おまえらのかーちゃんがお腹を痛めて産んで育てたおまえらを、おまえらのかーちゃんは誰よりも大切にしてきたはずだ。
俺はオタクだがBL趣味はわからないし、理系だからおまえらがハマってるような小説は読まないし、真面目系長身メガネだが、時々pixivとかに流れてくる「理想の彼氏」みたいなイケてる外見じゃないから、おまえらの萌えの対象には入らないだろうけどさ。
俺にもかーちゃんがいる。おまえらと同じように。
おまえらのかーちゃんと同じように、俺のかーちゃんも毎日弁当を作ってくれた。
俺が塾に通えるように、每日パートを頑張って、お金を稼いでくれた。
俺が志望の大学に落ちた時には、「あんたは勉強をする楽しみがわかったんでしょう。ならそれでいいんだよ」と言ってくれた。

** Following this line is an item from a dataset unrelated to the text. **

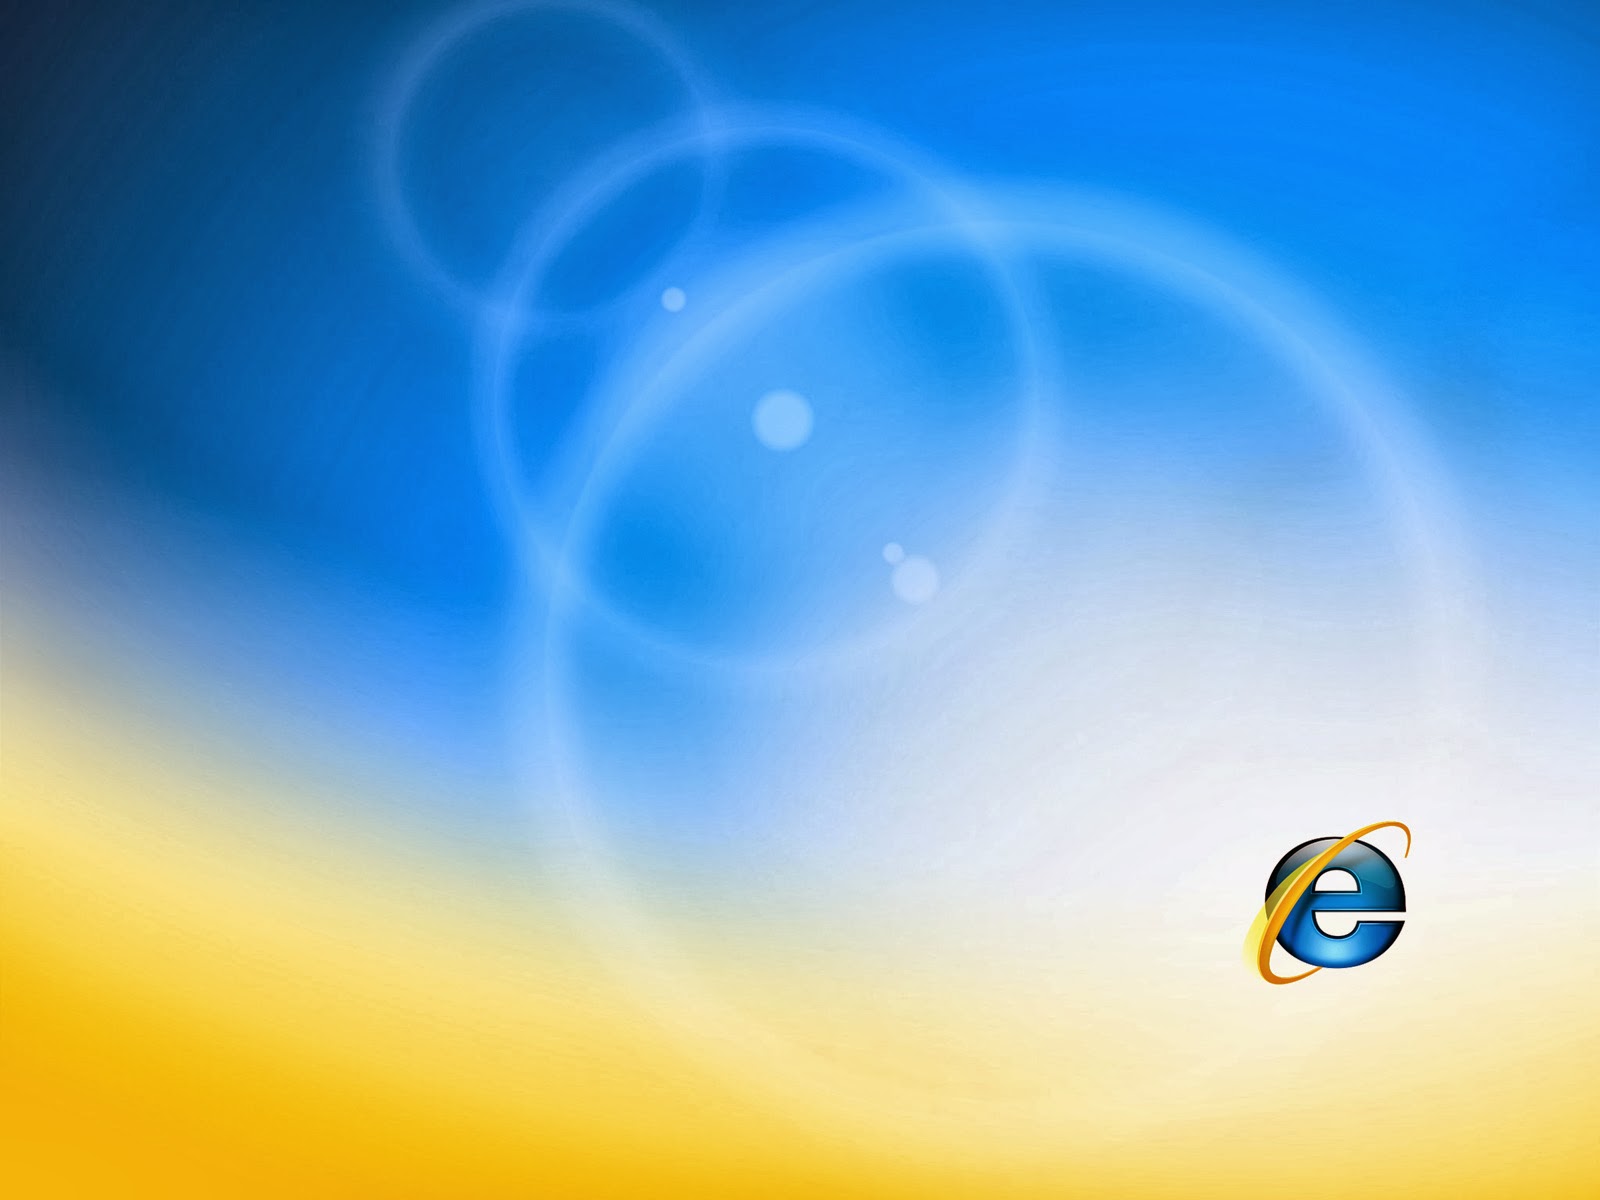 Internet Explorer Wallpaper - Top HD Wallpapers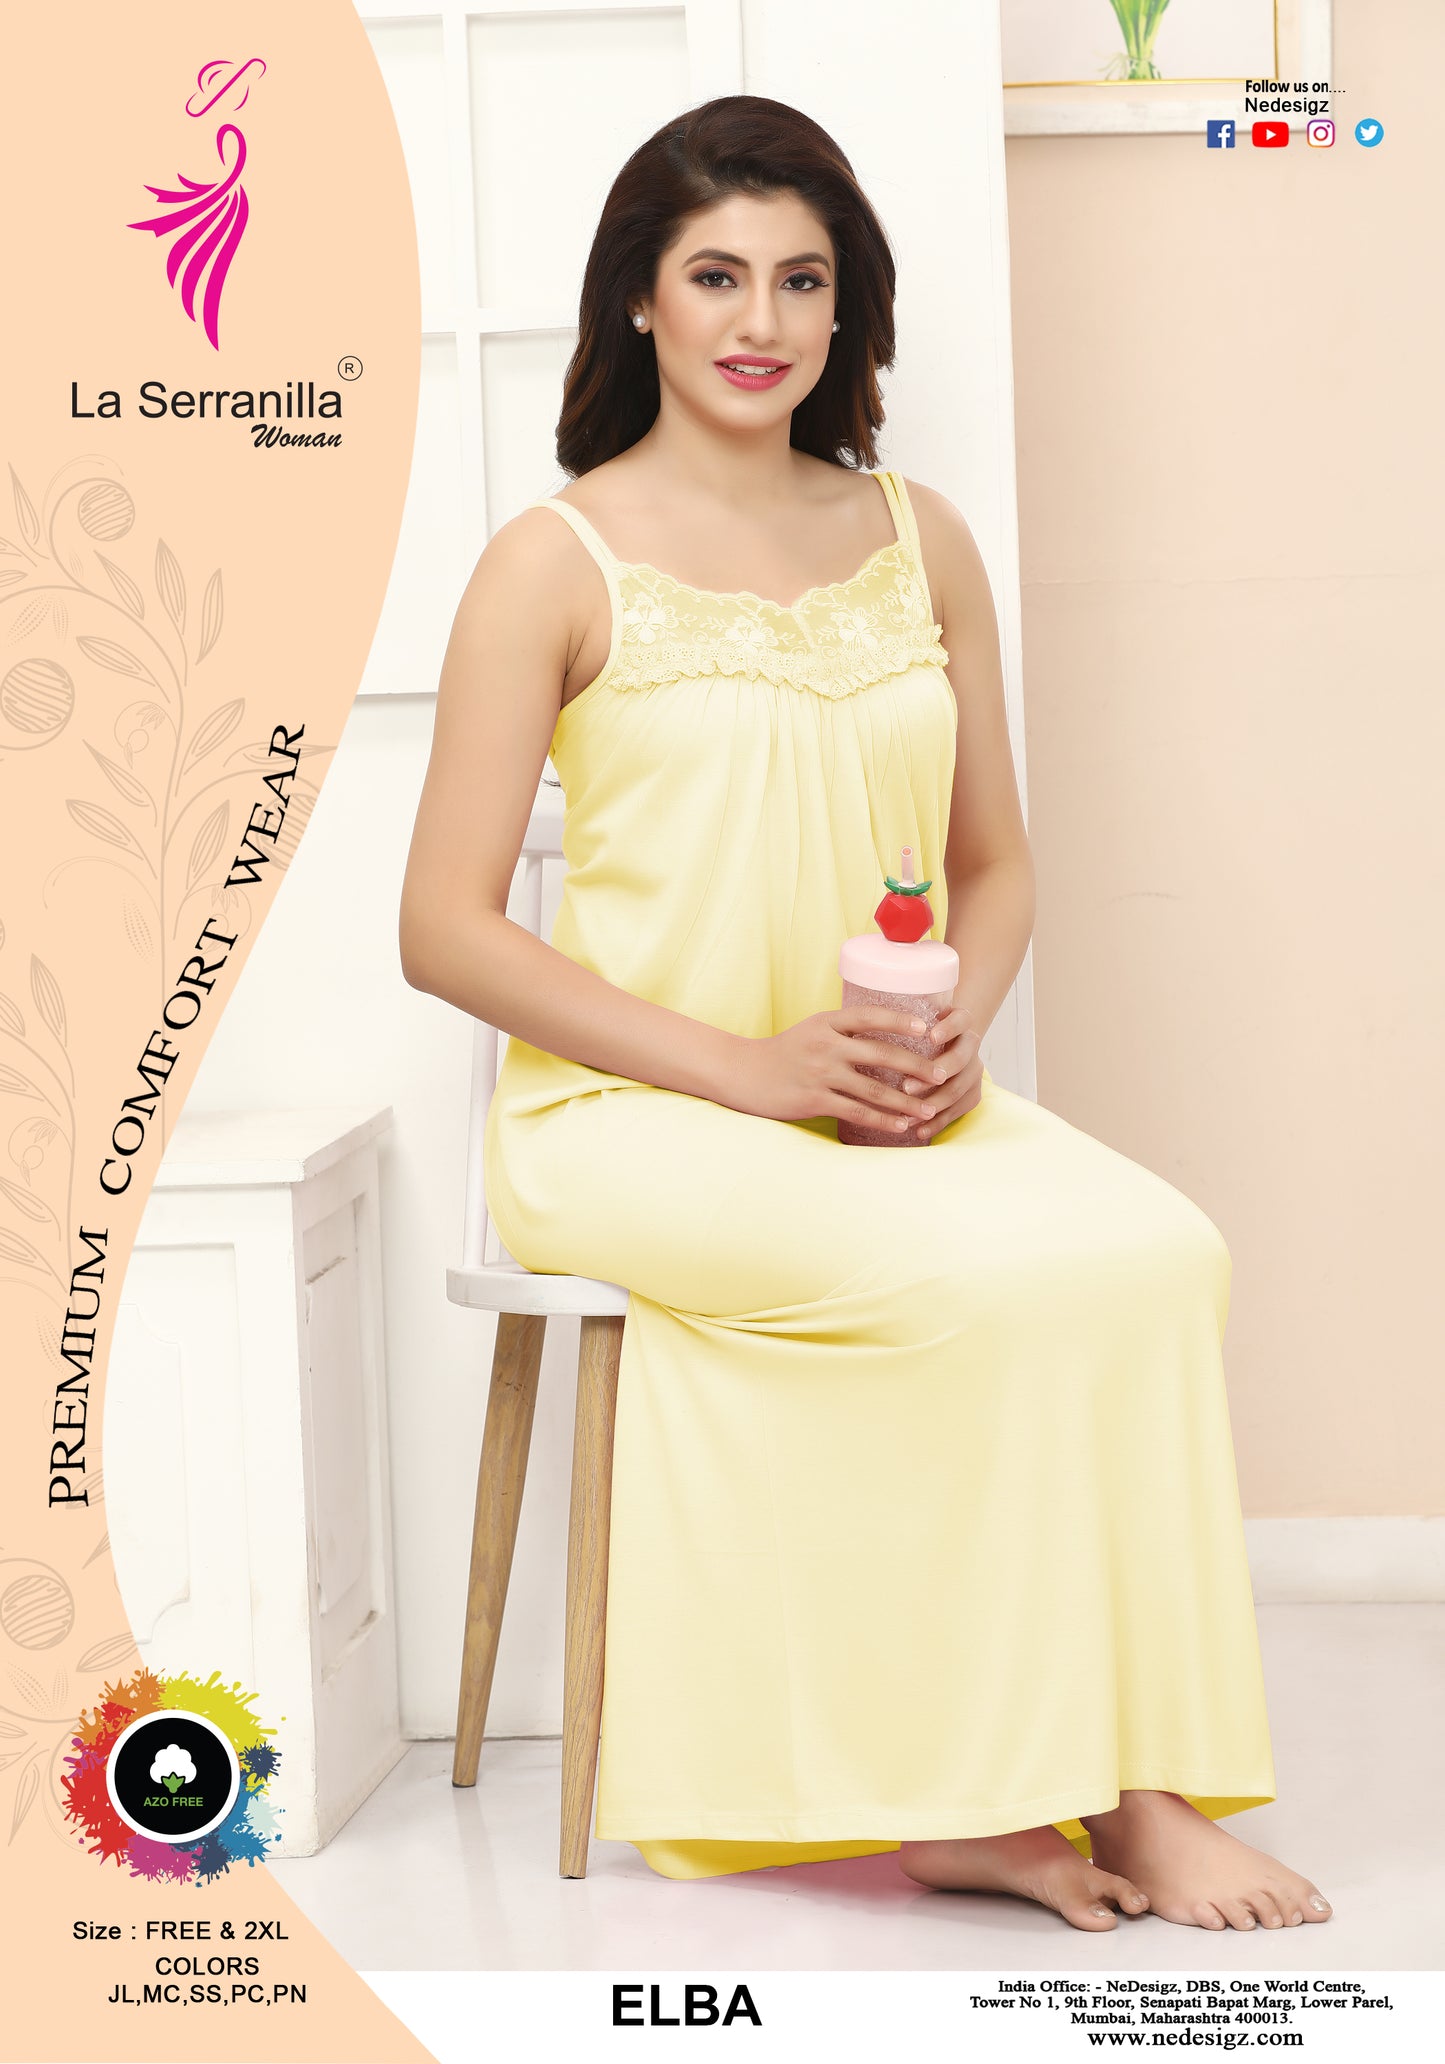 La Serranilla® Women's Azo-Free Cotton Hosiery Nighty/Gown/Maxi with Exquisite Custom-Made Lace Trim - Comfortable and Elegant Indoor/Honeymoon Nightwear. ELBA-NeDesigz.com

俺が滑り止めの大学で、落ちぶれて每日麻雀やってて留年した時には、「何よりまず、楽しむことが重要だよ」と言って許してくれた。
俺が彼女をはらませて、必死で中絶させるための金を稼いで、その後彼女と喧嘩別れして、泣いて実家に帰った時には、何も言わずに温かい味噌汁とハンバーグを作ってくれた。
だけどある日、俺が「俺なんて生まれて来なければよかった」
って言った時には、すげえ張り手をくれた。
ビリビリ痛くて、ほおの赤い跡が次の日まで残っていた。
かーちゃんは張り手かました後、いじけて朝まで泣いていた。
泣き声が二階まで聞こえてきた。
俺は部屋に引きこもって、しばらく口を利かなかった。
それからまもなく、かーちゃんは死んだ。
ずっと病気だったらしい。俺は気が付かなかった。
「あんたには、あんたのことを誇りに思って欲しいんだよ」
病床でかーちゃんはそう言っていた。
俺は照れくさくて、「そんなこと言ってないで、早く元気になってくれよ。いくらでも親孝行するからさw」
なんて言ってた。
でも呆気無く、かーちゃんは死んだ。
かーちゃんがいなくなった後、俺は、人の親になった。
少しだけど気分が晴れて、ささやかだけれど家族と、幸せな每日を過ごしている。
俺はかーちゃんの気持ちが、なんとなく分かるようになった。
かーちゃんに言うべきだったことがある。でももう言えない。決して言えない。